Our current process to identify relevant regulations, defined in this paper as regulatory documents associated with cell and gene therapy products such as directives, guidance, laws, and ordinances, has historically been a labor-intensive, costly (with respect to number of full-time equivalents), and time-consuming endeavor (10) that involves manually searching, identifying, reviewing, curating, and highlighting applicable regulatory requirements, which can also be error-prone due to the human element. To remain up-to-date with regulations, the manual process must be repeated periodically, looking back to the previous evaluation to ensure any updated regulations are recovered and brought into the repository. The frequency of repository management (i.e., the addition of new regulations and removal of outdated regulations) determines the level of acceptable risk. Frequent manual searches, while labor intensive, lower the risk of not complying with a recently approved regulation, whereas infrequent searches reduce resource demand while increasing the risk of regulatory noncompliance.
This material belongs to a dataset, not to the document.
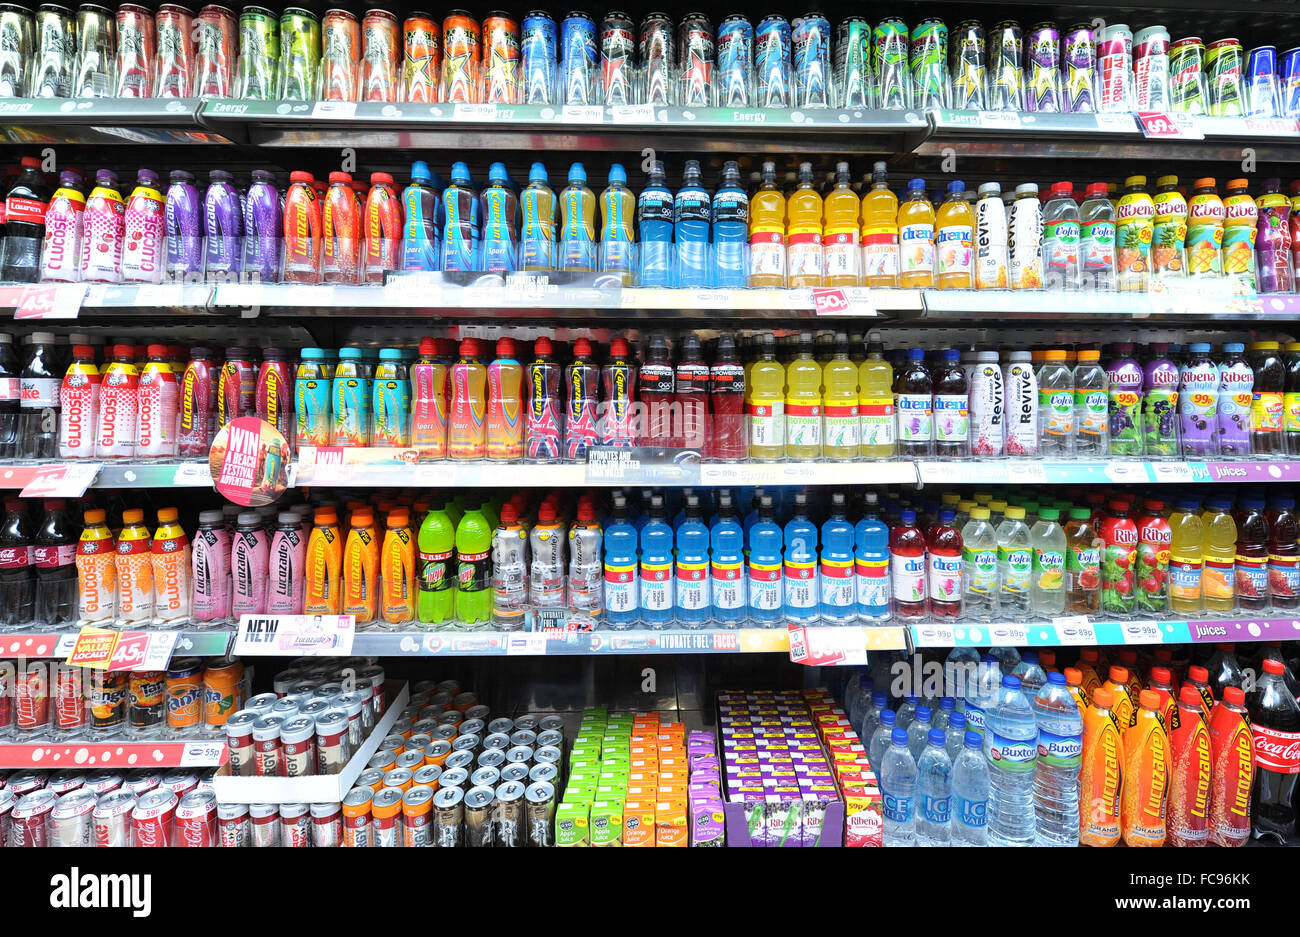 Fizzy carbonated soft drinks for sale in a shop. Sugary fizzy drinks cause diabetes, tooth decay and heart disease. Stock Photo

Before recent advances in artificial intelligence (AI), automating our search process has been extremely difficult due to differences in the regulations. However, augmented intelligence (AuI), which combines Boolean logic and AI (11), proposes to reduce the massive amount of work required by human involvement to perform systematic reviews (1214). The use of machine learning (ML) algorithms, a subset of AI (15), has previously been demonstrated to assist with categorized document selection in systematic literature reviews, and its use, along with text mining, can reduce manual effort and reliance on humans and increase the efficiency of systematic literature reviews (10, 16). For example, O’Mara-Eves et al. (17) suggested that a workload reduction of 30–70% might be possible with semi-automation, and Cohen et al. (12) reported that a ≥50% reduction of the effort required to review articles manually would provide substantial benefit.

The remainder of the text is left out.